Physicians understand little about THR
This article, purportedly a summary of the science for physicians but actually full of the usual anti-tobacco extremist disinformation about e-cigarettes and “third-hand smoke”, nicely (albeit painfully) illustrates how vulnerable medics are to disinformation about THR, which they often repeat as if they have expertise.
We have heard that Philip Morris International filed for international patents for e-cigarette technology this week. Unfortunately we are unable to identify any related documentation or discussion.
Engineering safer cigarettes
This topic gets little coverage in either THR or anti-tobacco publications, but it might actually generate more honest and practical science than either smoke-free alternatives or prohibitionism. A recent article by BAT researchers is a typical example of attempts at incremental improvement:
U.S. e-cigarette legal battle update
Katherine Devlin comments on a senior U.S. FDA official’s statement (which she characterizes as perjury) that only e-cigarettes bearing therapeutic claims were liable to seizure or had ever been seized. She reports on a pattern of continuing seizures (which she characterizes as contempt of court).
Students fume over “smoking” ban
University of Massachusetts students object to “anti-smoking” rules (which are really also anti-THR). It is good that university students can see through absurd claims that concerns about second-hand smoke justify anti-tobacco extremist measures.
Any e-cigarette publicity is good publicity, for now anyway
Charlie Sheen is boldly using e-cigarettes, which yields a lot of publicity. The entertainment press seems to overestimate the industry, however, referring implying greater organization and product maturity than currently exist.
Uninformative Japanese study of e-cigarettes
This poorly-designed study could only confirm the already-known lack of major adverse events, but we included it because of this: “Each participant was asked to consume one filter cartridge per day (more than 150 puffs per day) for 4 weeks.” Japan seems to have very reasonable human subjects rules (most committees in Anglophone and European countries would reject a protocol that asked participants to consume a minimum amount of a “dangerous” substance, even if it was a huge improvement over the cigarettes they would otherwise smoke) and so might be a good place for future THR research.
Further evidence that claimed miracle effects of smoking bans are junk science
It has long been clear that advocates of smoking bans in pubs and other venues have cherry-picked the data to imply that bans have miraculous effects on population health, immediately reducing heart attacks and other diseases by huge amounts.

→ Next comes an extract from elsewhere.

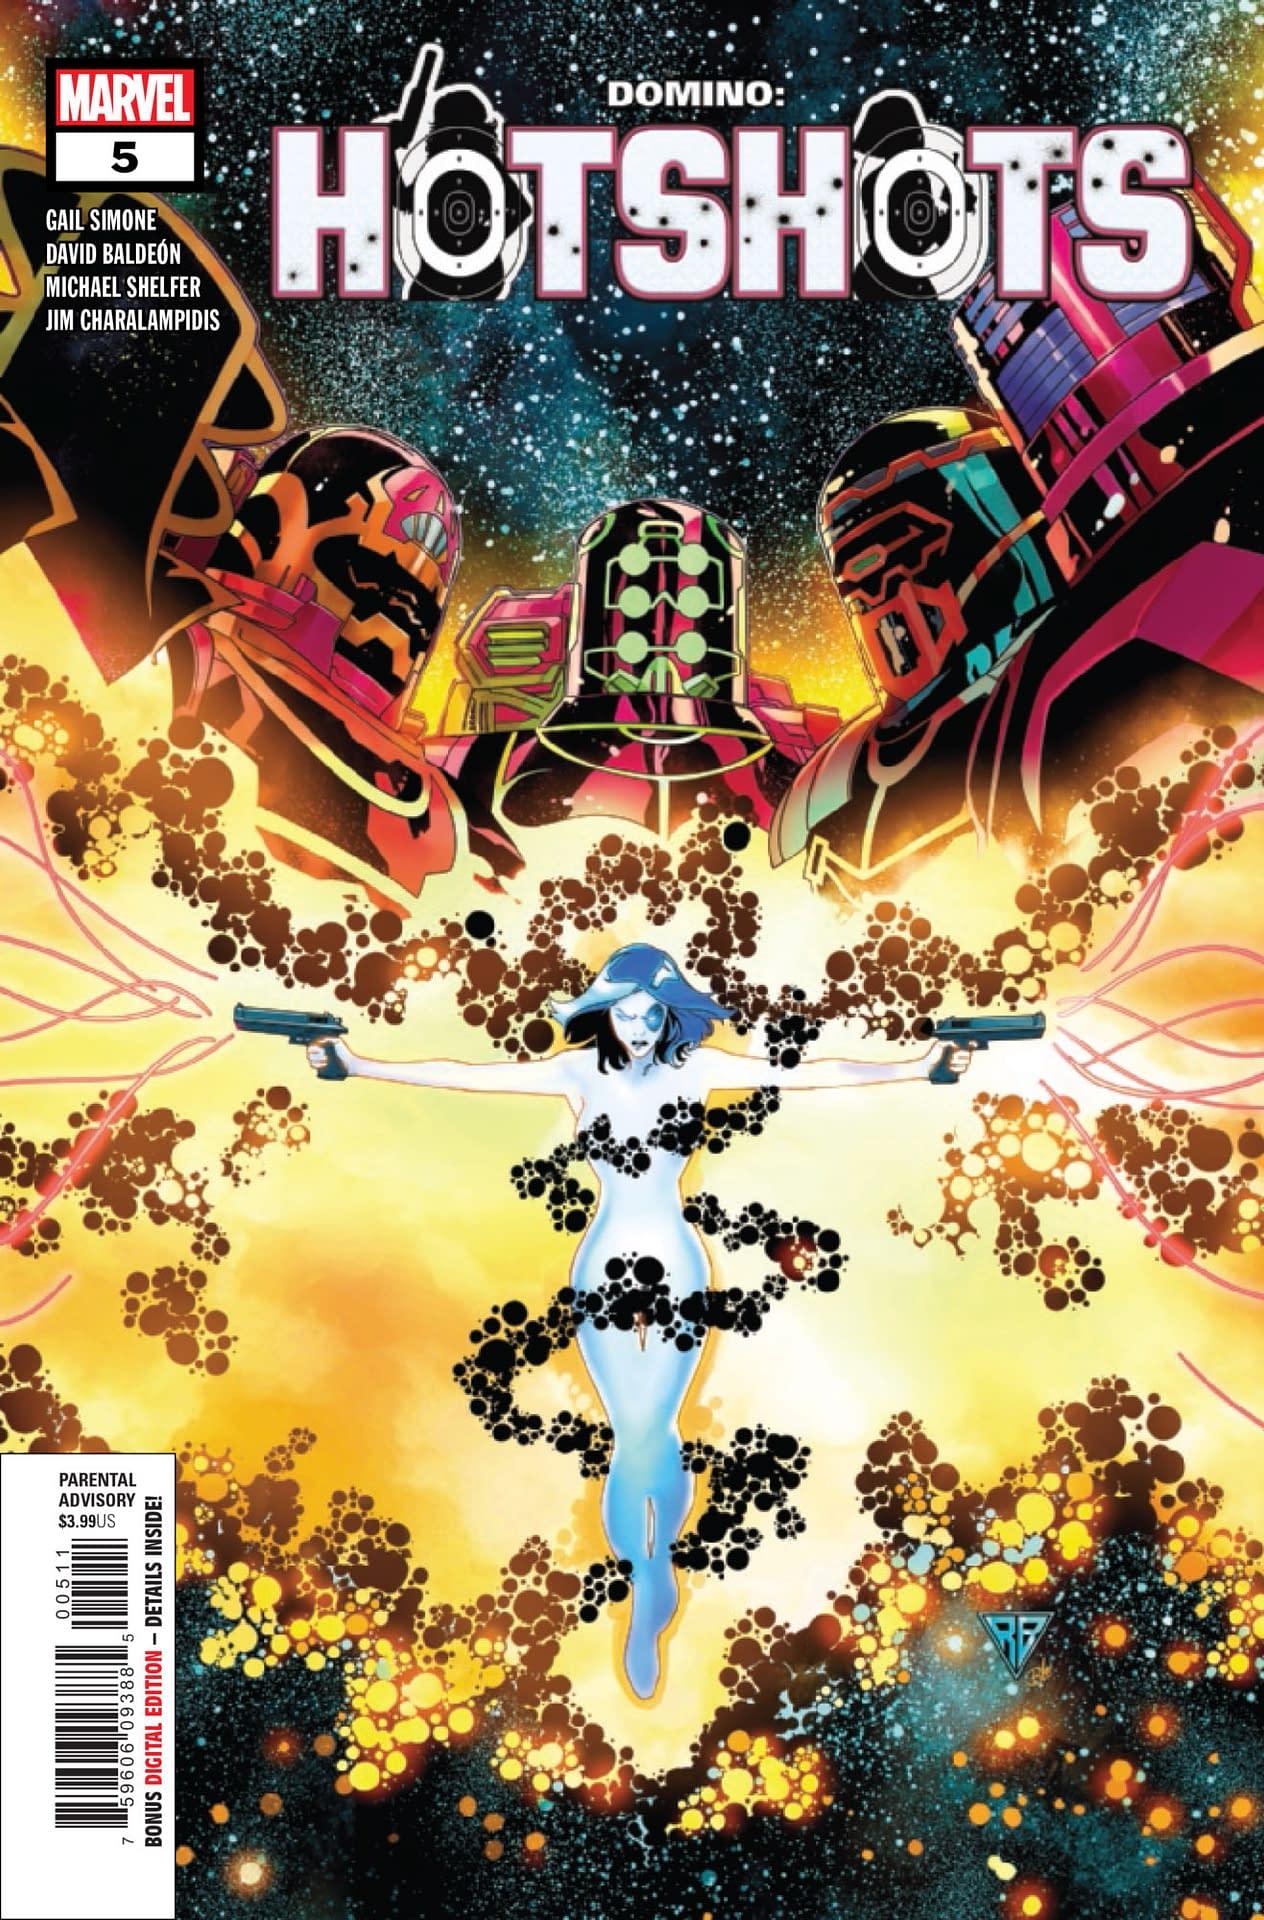 Domino Hotshots #5: The Final Showdown [Preview]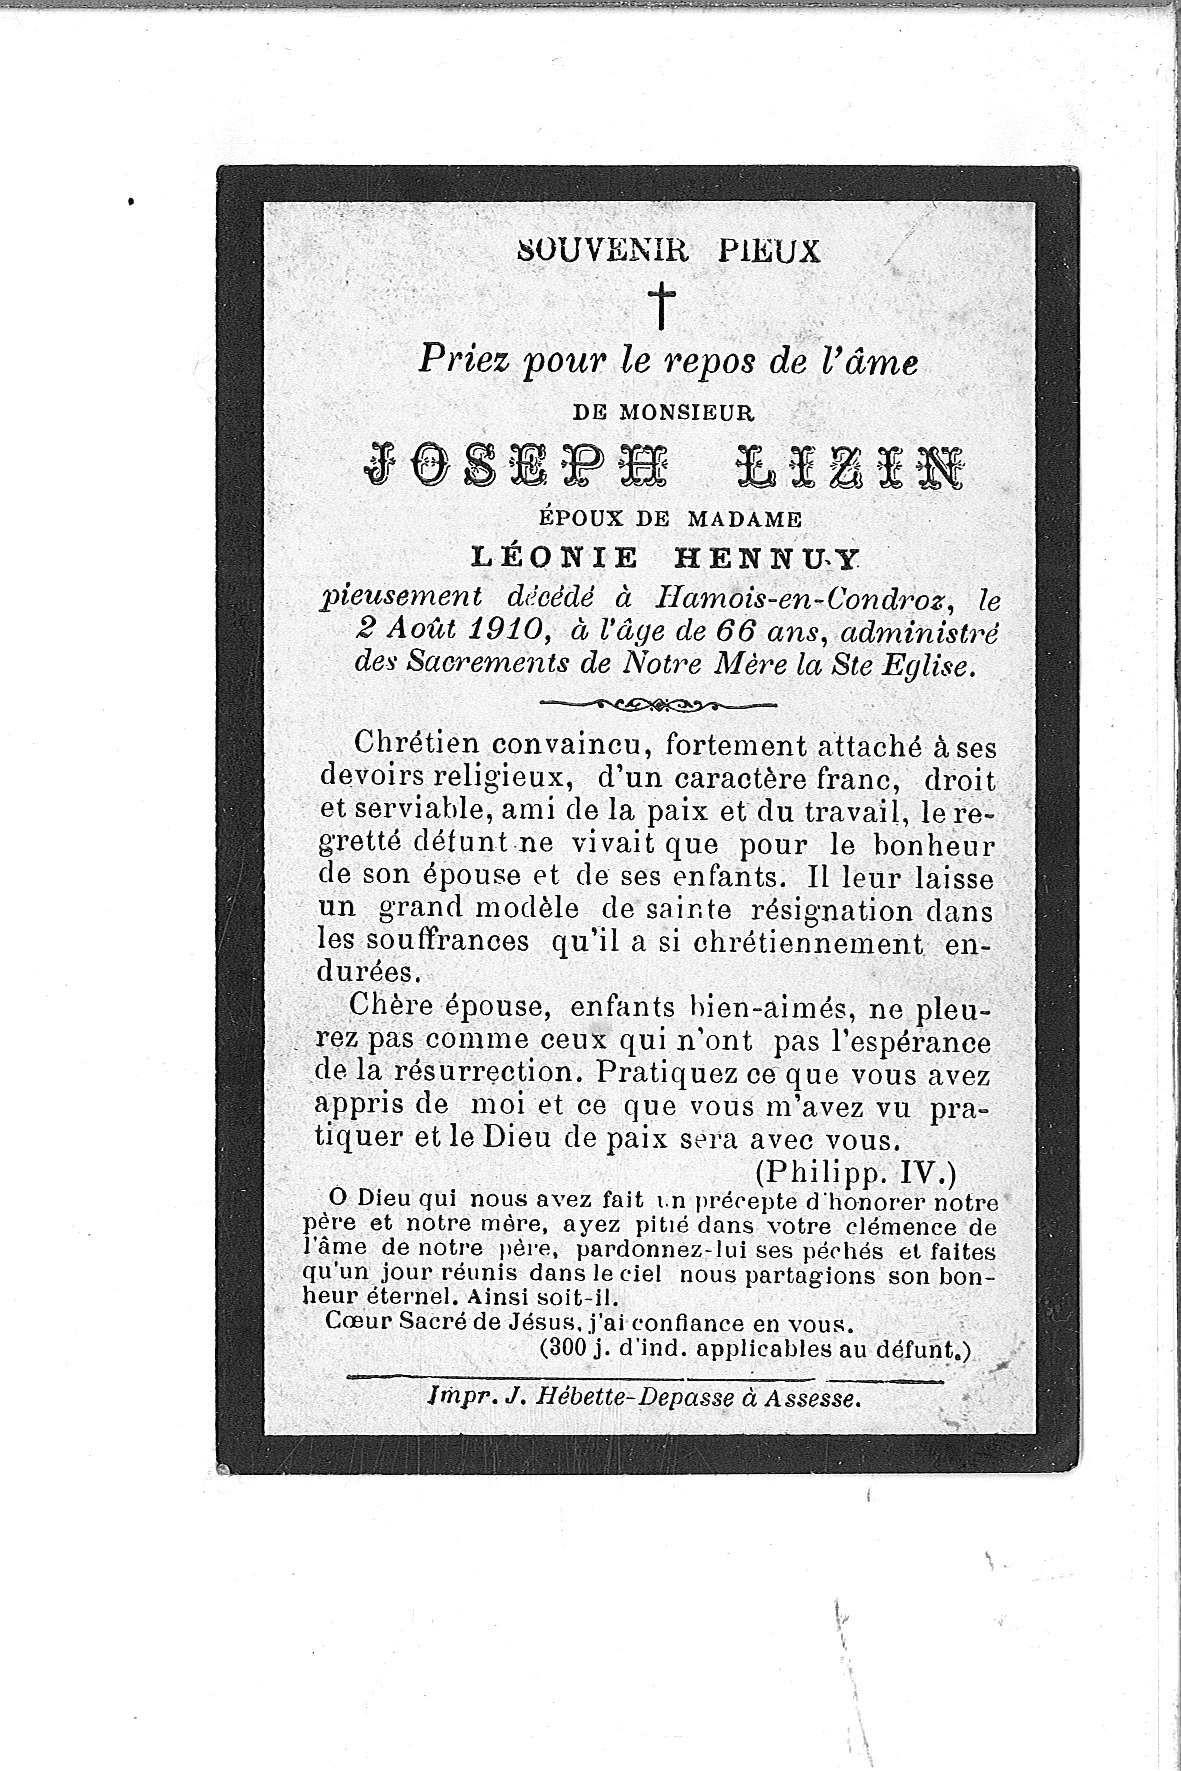 Joseph(1910)20131203145956_00016.jpg

A study from RAND confirms that when the data is considered in an unbiased way any benefits become undetectable, as any realistic assessment would predict.
Prohibitions and taxes make smuggling an increasingly tempting alternative to working in THR
Serious-sounding calls for banning dip products continue even as the ban on plastic sachet packaging has already created a flourishing black market.
In the U.S., violent criminals are reported to be taking over the cigarette black market.
East African cigarette smuggling shows the absurdity of FCTC supply interdiction requirements.
Concern that FCTC interferes with African development goals
FCTC requirements are at odds with an American program to help develop trade that benefits some of Africa’s poorest countries (story from Zambia).
More evidence of nicotine relieving psych problems
It is a bit buried in the details, but the bottom line from this new study is that nicotine, from pharma products, relieves symptoms of severe schizophrenia. Sadly, the subtext is still, “we obviously have to force psych patients to stop using consumer nicotine products, so should we maybe consider letting them have nicotine patches and gum?”
Safe injection site cuts drug overdose deaths
A study estimates that Insite, the safe injection house in Vancouver, has cut drug overdose deaths in the area by 35%.